On the Hunt for Albert Huntt
Albert Huntt was a prolific Richmond architect who designed close to 100 public, private and commercial buildings during his career. He was the great-grandson of Otis Manson, another noted architect responsible for buildings including the Union Hotel, Linden Row, the Westmoreland Club and the Richmond Theatre. Huntt’s early career began in partnership with German-born architect Carl Ruehmond, whose own house on West Grace Street is one of my favorites.
Huntt is remembered primarily as an ornamentalist, but as Architectural Historian Coleen Rodriguez has noted, he was ‘not a rogue architect grabbing at elements he didn’t understand, but part of the international trend of marrying elements of good design he understood from across the world and through thousands of years.’
Huntt exemplified the late 19th century edict of eclecticism. He borrowed, and then re-worked elements created by the ancients. His work on Monument Avenue, where he designed a total of 12 houses, is where his use of wit and free-form decoration really shined.
Do yourself a favor and stroll past the Colonial Revival at 1831 Monument Avenue. With its rusticated portico, fanciful window piercings and whimsical top story, it is an architectural delight. Huntt also designed a handful of houses off Monument Avenue including an English Arts and Crafts house at 1814 Grove Avenue, the row at 2114-2126 Hanover Avenue and a double house at 101-103 Rowland Avenue.

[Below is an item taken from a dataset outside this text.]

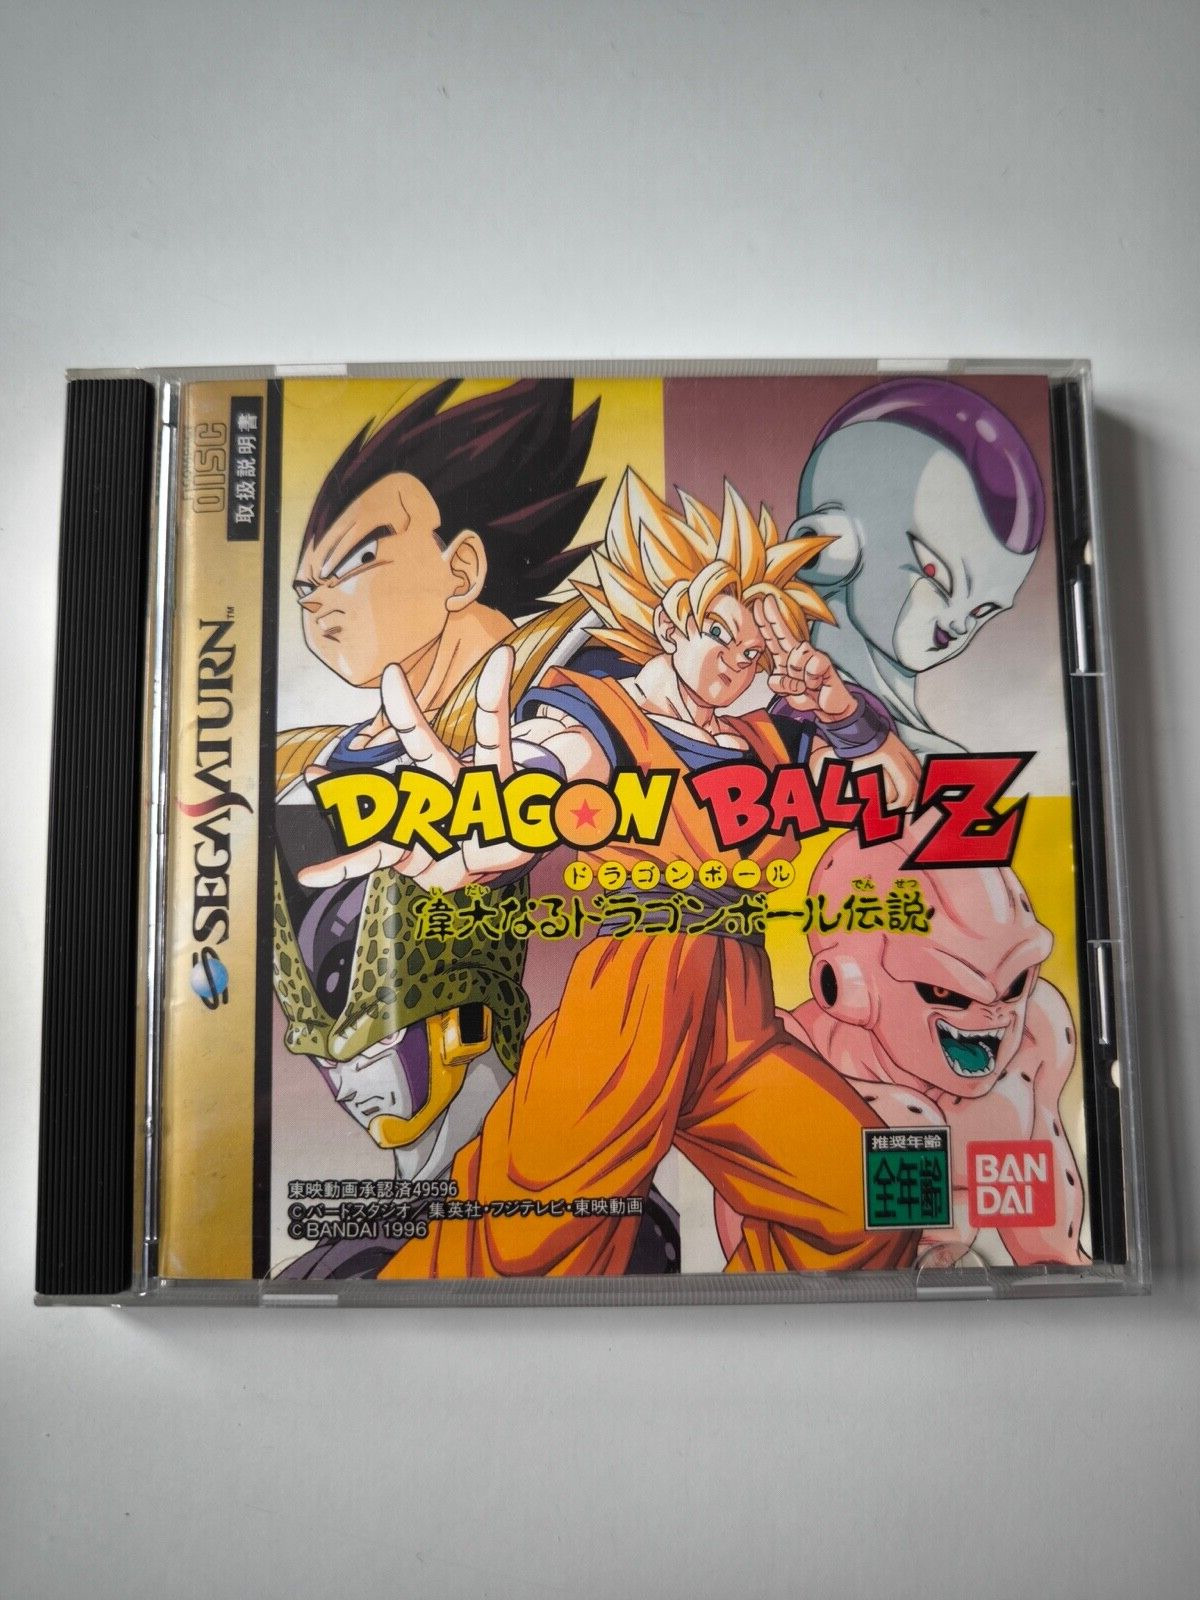 Dragon Ball Z Legend idainaru densetsu Sega Saturn - 1996 version jap

One of his early works is a house I know well, as I lived two houses away for ten years. The house was made modern in the most loving ways by its current occupants, my dear friends the Hawley-Hayes family, about 13 years ago. When Huntt designed this grand home, he paid particular attention to the side of the house facing Park Avenue. Colonial Revival in its massing, with restrained whimsy and folly on all sides. It’s a beauty and you should take a walk to go see it. (Also, Ms. Hawley has the BEST holiday decorations you won’t want to miss!)
Albert Huntt’s artful use of neoclassical styles in new and sophisticated ways garnered him great respect and helped him earn numerous architectural commissions. He helped shape the neighborhood, and the landscape of Monument Avenue in particular, where we all have the fortune of enjoying his enduring legacy.